GIVEN INFORMATION Start Marker

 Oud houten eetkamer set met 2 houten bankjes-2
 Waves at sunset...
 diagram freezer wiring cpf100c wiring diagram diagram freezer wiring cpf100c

GIVEN INFORMATION End Marker

▶ _WHAT TO WORK ON_:
Your response should consist solely of the lines from the one that holds "Waves at sunset..." through the end of the listing above, reproduced exactly.

▶ _SOLVED EXERCISE_:
 Waves at sunset...
 diagram freezer wiring cpf100c wiring diagram diagram freezer wiring cpf100c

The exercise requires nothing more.